Data.

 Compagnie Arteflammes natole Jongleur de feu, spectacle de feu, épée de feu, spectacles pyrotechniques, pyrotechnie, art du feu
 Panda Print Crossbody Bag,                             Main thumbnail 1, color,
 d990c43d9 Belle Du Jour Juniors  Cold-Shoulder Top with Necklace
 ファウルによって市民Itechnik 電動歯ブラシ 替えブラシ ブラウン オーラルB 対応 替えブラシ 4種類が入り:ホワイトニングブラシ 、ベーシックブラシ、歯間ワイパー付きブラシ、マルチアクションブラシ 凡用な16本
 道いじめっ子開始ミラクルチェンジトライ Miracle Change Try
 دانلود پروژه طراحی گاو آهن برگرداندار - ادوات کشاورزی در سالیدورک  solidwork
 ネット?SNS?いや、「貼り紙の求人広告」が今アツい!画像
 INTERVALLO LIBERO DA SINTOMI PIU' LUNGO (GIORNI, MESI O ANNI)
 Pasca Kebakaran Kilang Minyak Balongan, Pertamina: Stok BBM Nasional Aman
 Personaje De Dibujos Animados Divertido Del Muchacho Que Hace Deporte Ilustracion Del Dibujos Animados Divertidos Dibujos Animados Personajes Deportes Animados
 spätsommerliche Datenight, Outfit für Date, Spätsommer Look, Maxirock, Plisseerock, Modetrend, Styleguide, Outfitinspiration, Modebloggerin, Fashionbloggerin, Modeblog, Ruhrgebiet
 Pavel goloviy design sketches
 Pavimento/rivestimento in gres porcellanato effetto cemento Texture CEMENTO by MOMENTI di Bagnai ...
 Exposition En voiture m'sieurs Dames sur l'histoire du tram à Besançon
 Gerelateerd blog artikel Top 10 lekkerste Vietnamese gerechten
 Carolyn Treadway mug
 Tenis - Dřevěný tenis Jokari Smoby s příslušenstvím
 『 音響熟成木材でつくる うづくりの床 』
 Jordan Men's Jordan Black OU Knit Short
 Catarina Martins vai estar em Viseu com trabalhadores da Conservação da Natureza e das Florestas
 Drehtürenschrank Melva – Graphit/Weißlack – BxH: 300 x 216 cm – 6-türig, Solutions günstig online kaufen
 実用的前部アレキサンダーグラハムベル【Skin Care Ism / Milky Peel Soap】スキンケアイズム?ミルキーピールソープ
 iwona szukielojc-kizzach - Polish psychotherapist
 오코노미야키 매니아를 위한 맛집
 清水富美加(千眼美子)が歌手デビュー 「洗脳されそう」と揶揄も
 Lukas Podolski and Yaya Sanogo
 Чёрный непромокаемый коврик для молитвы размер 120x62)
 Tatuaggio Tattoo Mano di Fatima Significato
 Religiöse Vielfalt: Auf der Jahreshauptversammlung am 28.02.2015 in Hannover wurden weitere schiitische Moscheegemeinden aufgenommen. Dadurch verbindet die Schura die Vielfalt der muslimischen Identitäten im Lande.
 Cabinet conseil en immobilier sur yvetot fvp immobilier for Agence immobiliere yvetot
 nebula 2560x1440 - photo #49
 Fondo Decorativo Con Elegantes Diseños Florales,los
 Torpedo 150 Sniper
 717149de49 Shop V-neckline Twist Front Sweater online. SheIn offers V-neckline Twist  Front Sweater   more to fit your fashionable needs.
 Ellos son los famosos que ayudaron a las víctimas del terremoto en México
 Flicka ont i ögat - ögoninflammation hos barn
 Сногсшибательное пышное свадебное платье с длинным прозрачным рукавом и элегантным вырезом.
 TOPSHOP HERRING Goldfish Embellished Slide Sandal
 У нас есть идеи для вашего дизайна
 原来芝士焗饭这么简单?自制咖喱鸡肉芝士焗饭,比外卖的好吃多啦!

Directions for this task. Only the lines from the first line of the records through the line with "Drehtürenschrank Melva –" should be reproduced, exactly and with nothing added.

Task result.
 Compagnie Arteflammes natole Jongleur de feu, spectacle de feu, épée de feu, spectacles pyrotechniques, pyrotechnie, art du feu
 Panda Print Crossbody Bag,                             Main thumbnail 1, color,
 d990c43d9 Belle Du Jour Juniors  Cold-Shoulder Top with Necklace
 ファウルによって市民Itechnik 電動歯ブラシ 替えブラシ ブラウン オーラルB 対応 替えブラシ 4種類が入り:ホワイトニングブラシ 、ベーシックブラシ、歯間ワイパー付きブラシ、マルチアクションブラシ 凡用な16本
 道いじめっ子開始ミラクルチェンジトライ Miracle Change Try
 دانلود پروژه طراحی گاو آهن برگرداندار - ادوات کشاورزی در سالیدورک  solidwork
 ネット?SNS?いや、「貼り紙の求人広告」が今アツい!画像
 INTERVALLO LIBERO DA SINTOMI PIU' LUNGO (GIORNI, MESI O ANNI)
 Pasca Kebakaran Kilang Minyak Balongan, Pertamina: Stok BBM Nasional Aman
 Personaje De Dibujos Animados Divertido Del Muchacho Que Hace Deporte Ilustracion Del Dibujos Animados Divertidos Dibujos Animados Personajes Deportes Animados
 spätsommerliche Datenight, Outfit für Date, Spätsommer Look, Maxirock, Plisseerock, Modetrend, Styleguide, Outfitinspiration, Modebloggerin, Fashionbloggerin, Modeblog, Ruhrgebiet
 Pavel goloviy design sketches
 Pavimento/rivestimento in gres porcellanato effetto cemento Texture CEMENTO by MOMENTI di Bagnai ...
 Exposition En voiture m'sieurs Dames sur l'histoire du tram à Besançon
 Gerelateerd blog artikel Top 10 lekkerste Vietnamese gerechten
 Carolyn Treadway mug
 Tenis - Dřevěný tenis Jokari Smoby s příslušenstvím
 『 音響熟成木材でつくる うづくりの床 』
 Jordan Men's Jordan Black OU Knit Short
 Catarina Martins vai estar em Viseu com trabalhadores da Conservação da Natureza e das Florestas
 Drehtürenschrank Melva – Graphit/Weißlack – BxH: 300 x 216 cm – 6-türig, Solutions günstig online kaufen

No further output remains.